◆ **About this exercise**:
Return the listing below unchanged, minus its pictures.

◆ **Recorded data**:
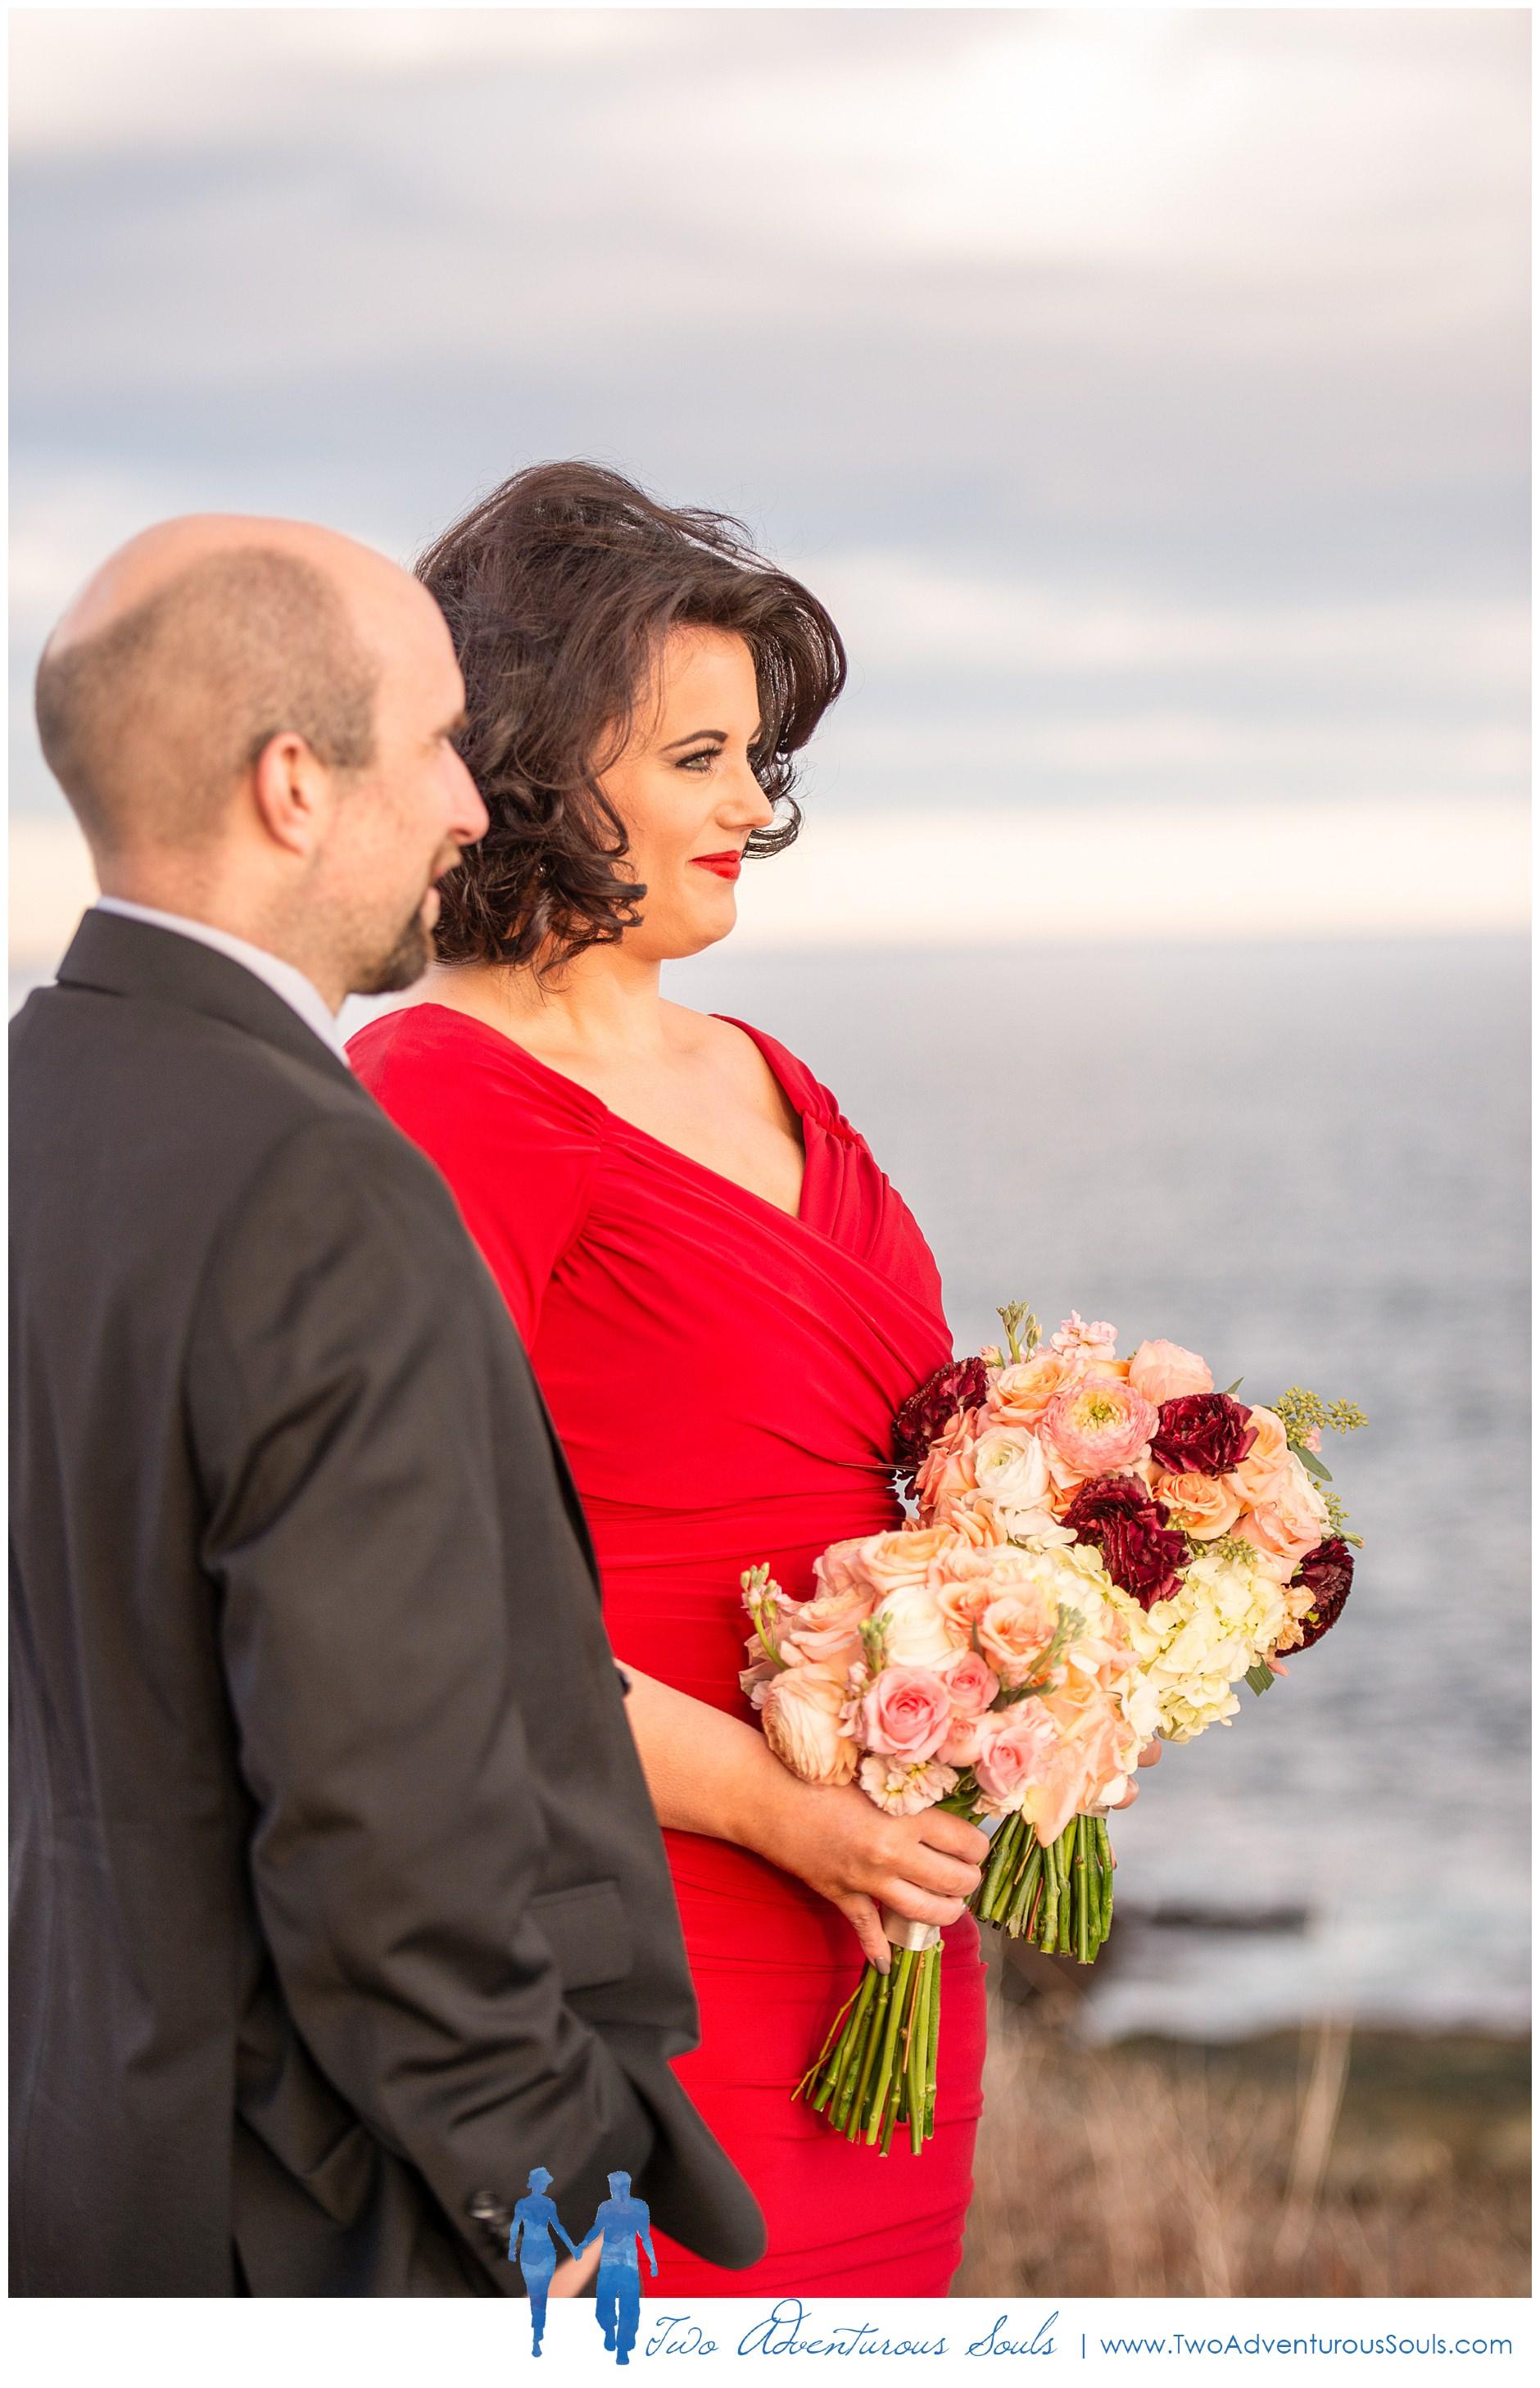 Inn by The Sea Elopement, Maine Elopement Photographer, Maine Wedding Photographers, Two Adventurous Souls_040619_0019.jpg
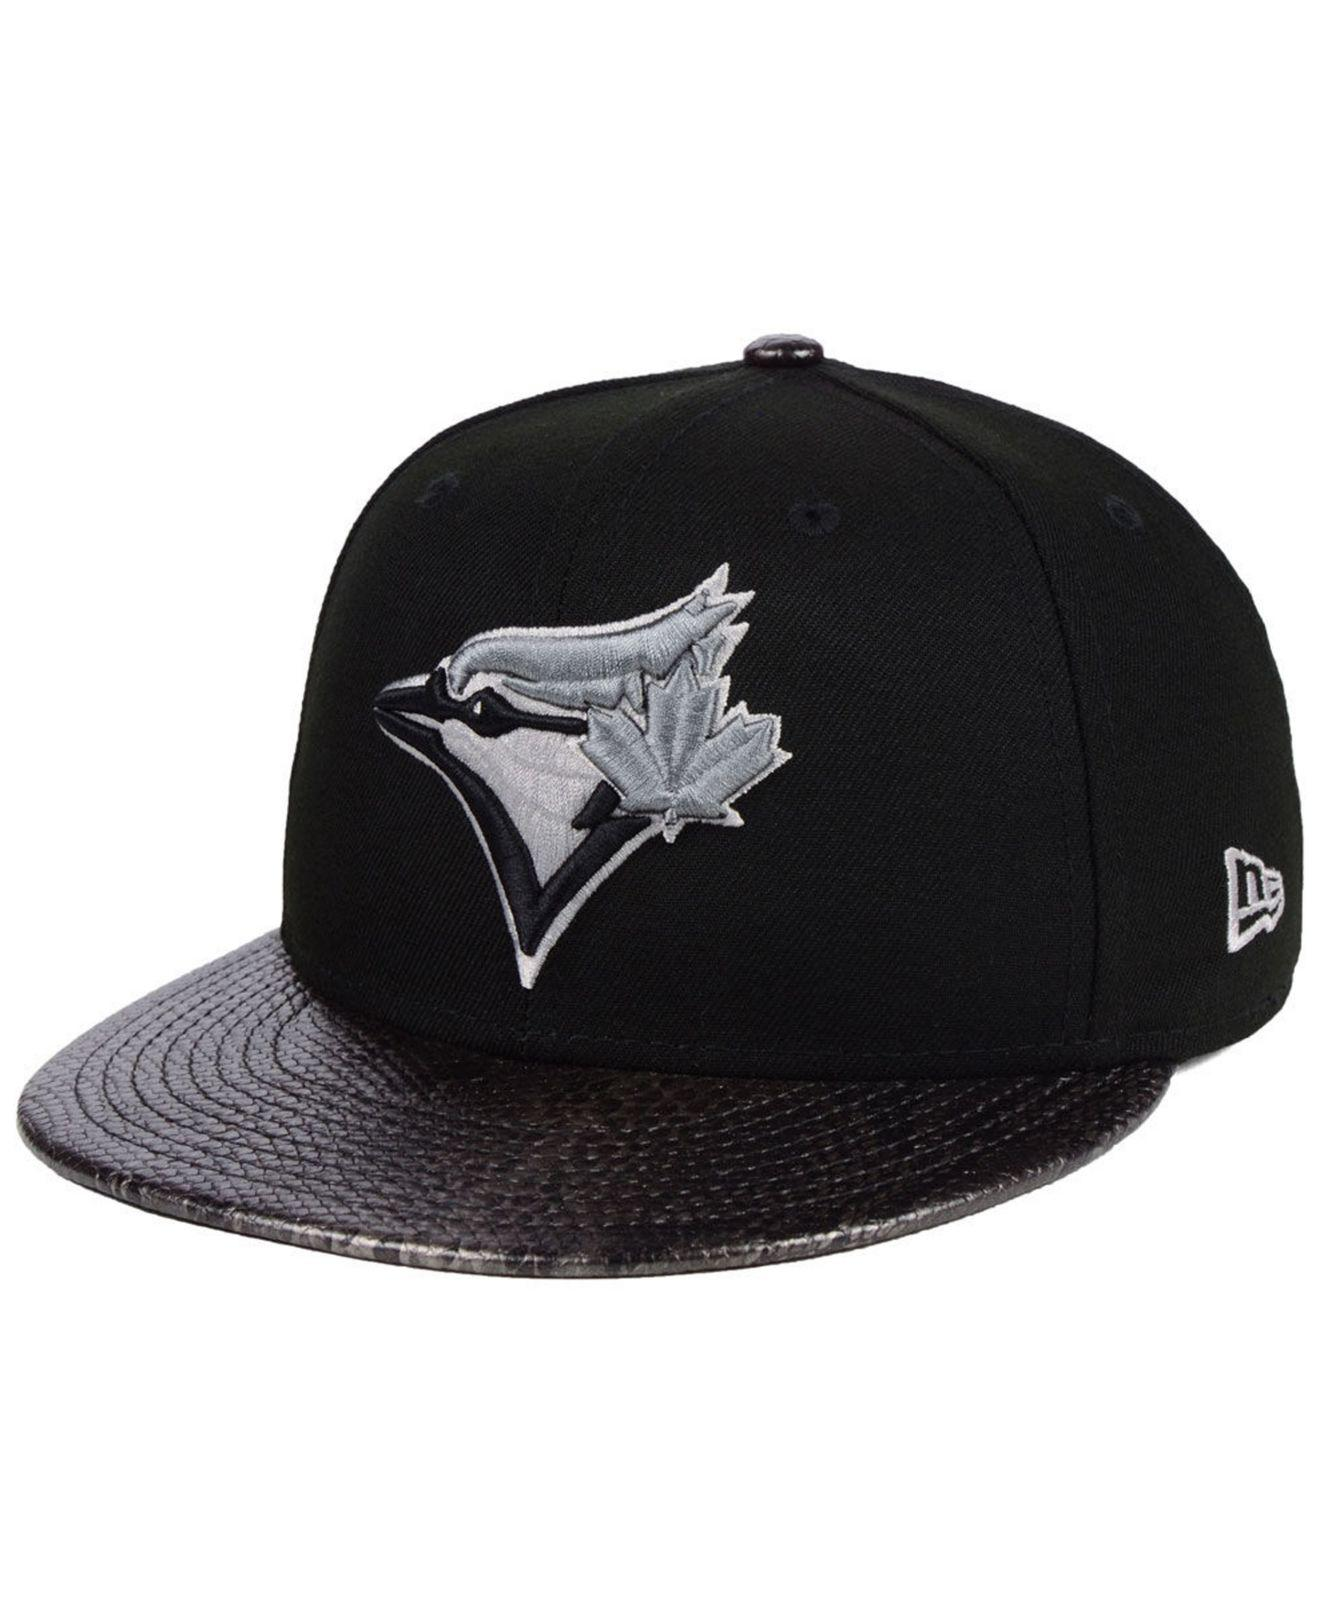 cf2a0e04182 Lyst - KTZ Toronto Blue Jays Snakeskin Sleek 59fifty Fitted Cap in ...
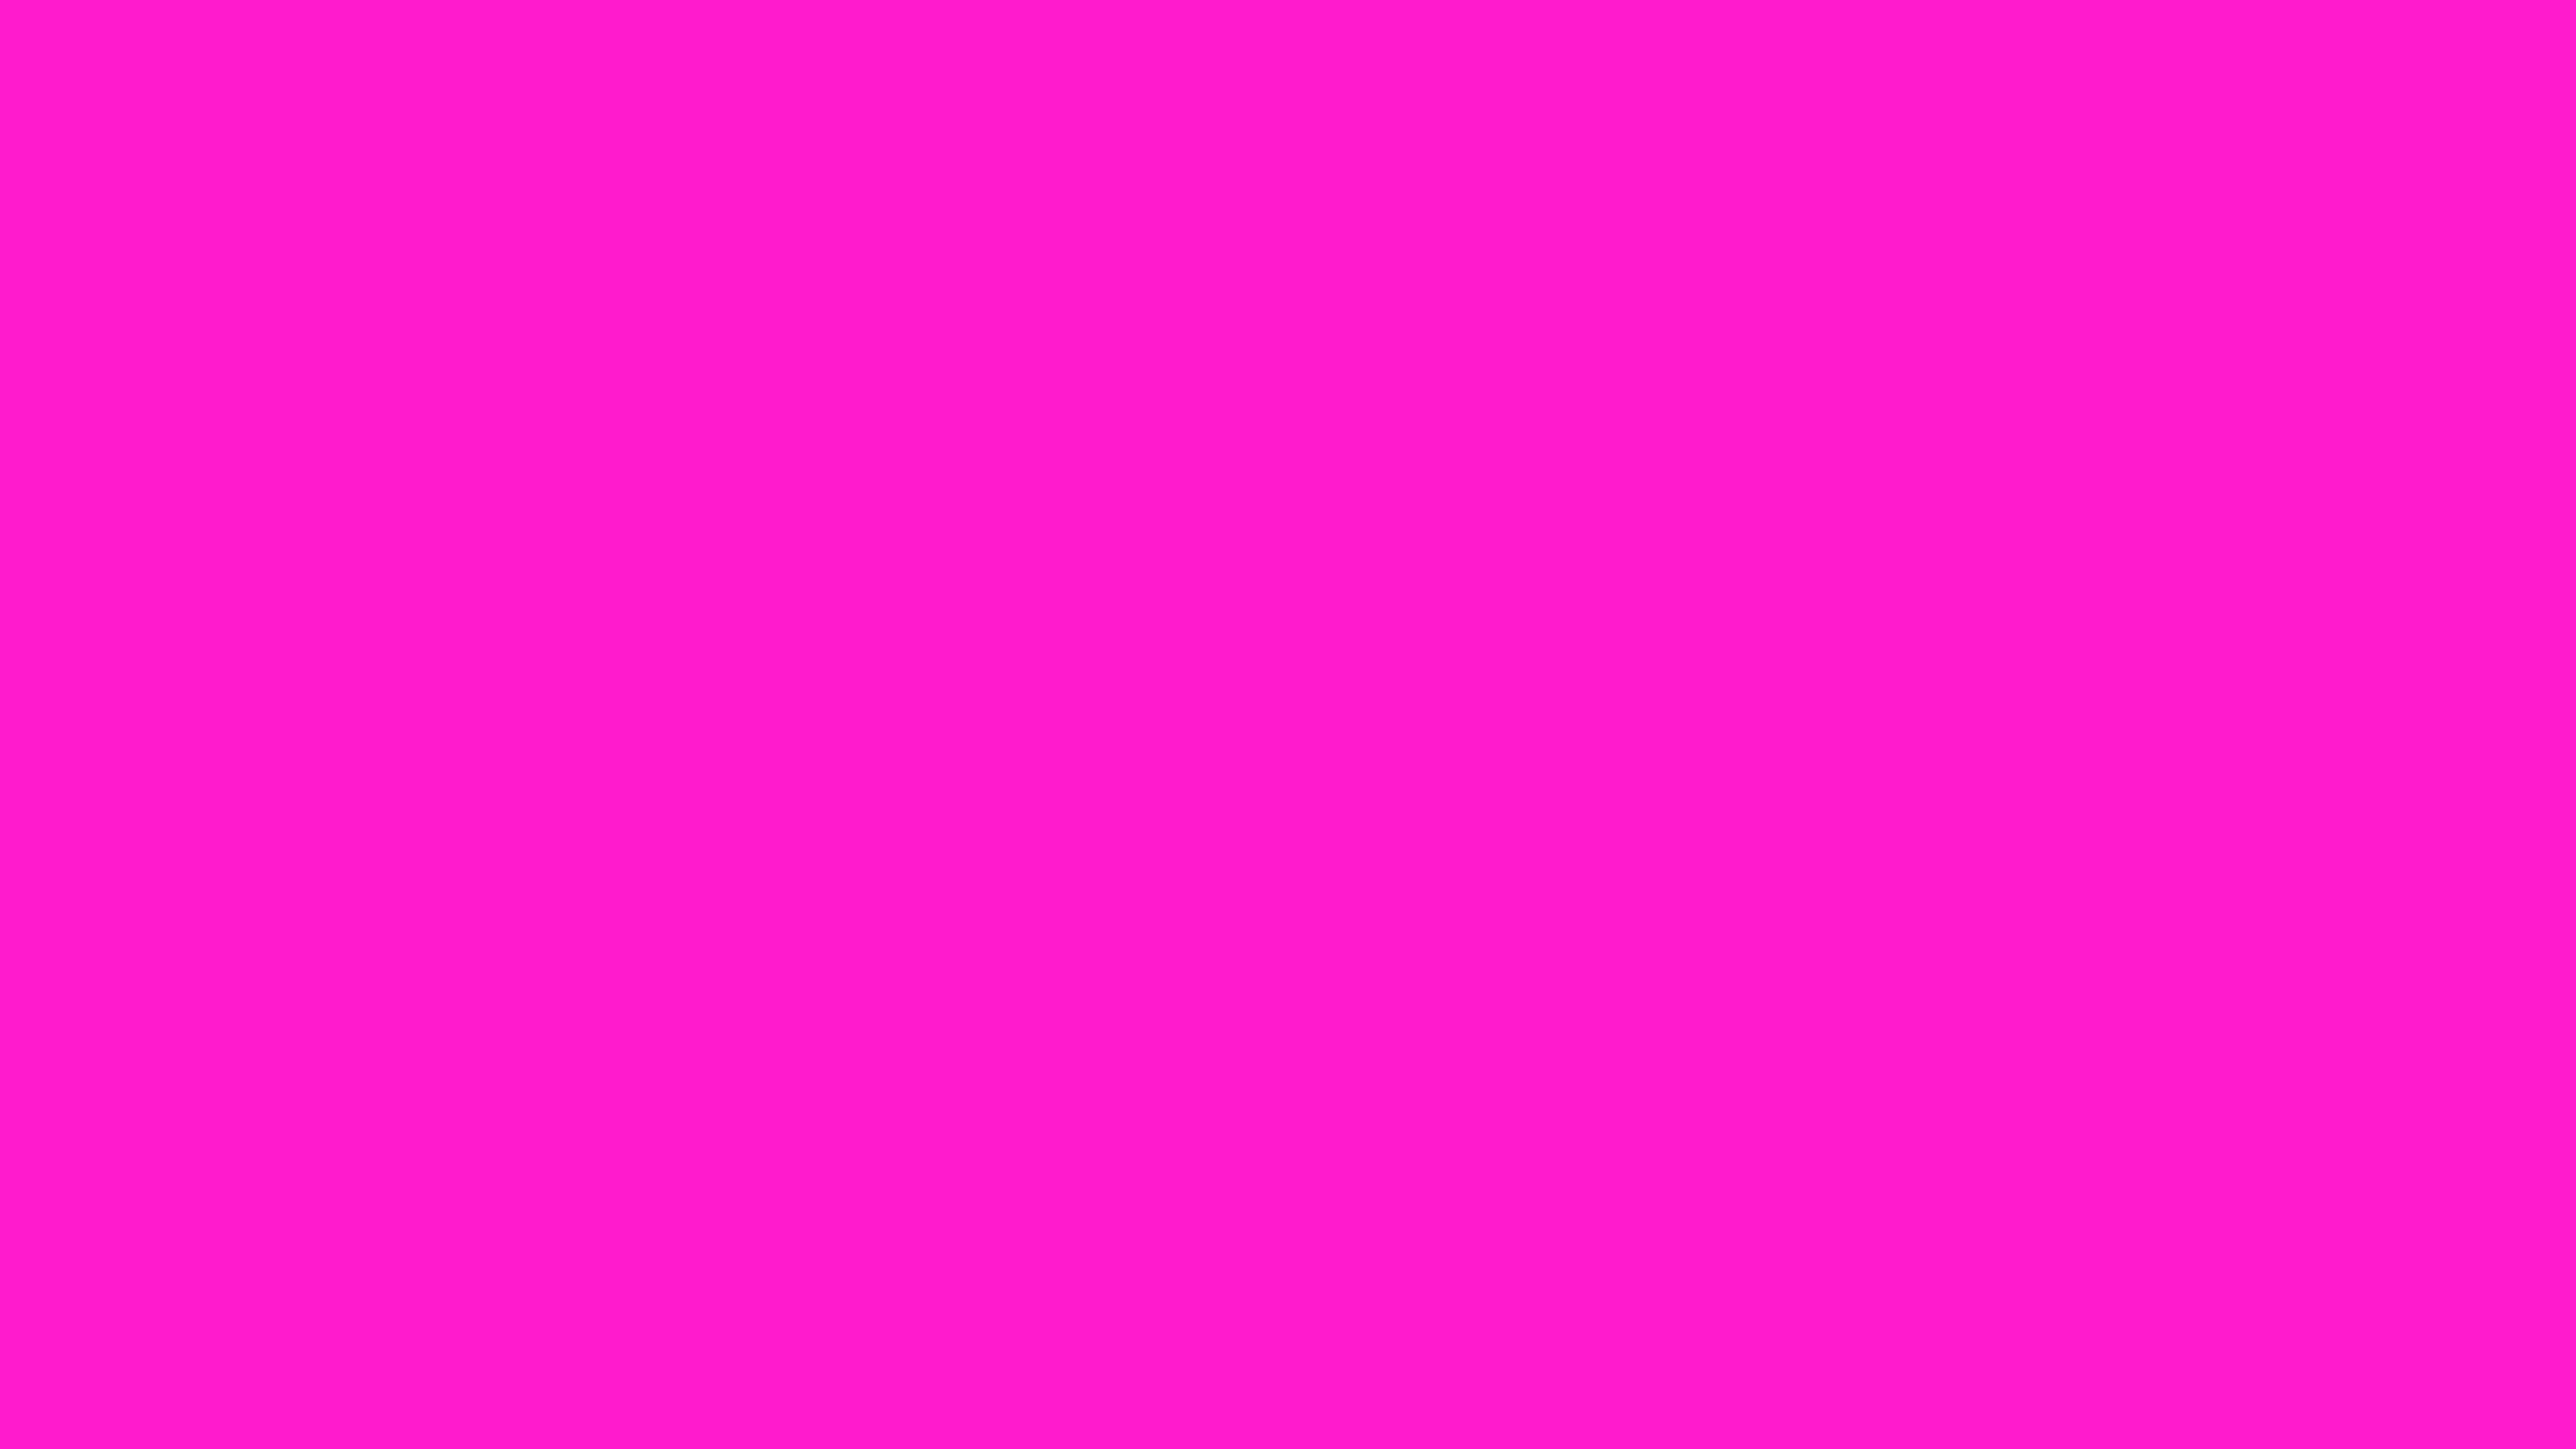 3840x2160 Hot Magenta Solid Color Background

◆ **Exercise response**:
 Inn by The Sea Elopement, Maine Elopement Photographer, Maine Wedding Photographers, Two Adventurous Souls_040619_0019.jpg
 cf2a0e04182 Lyst - KTZ Toronto Blue Jays Snakeskin Sleek 59fifty Fitted Cap in ...
 3840x2160 Hot Magenta Solid Color Background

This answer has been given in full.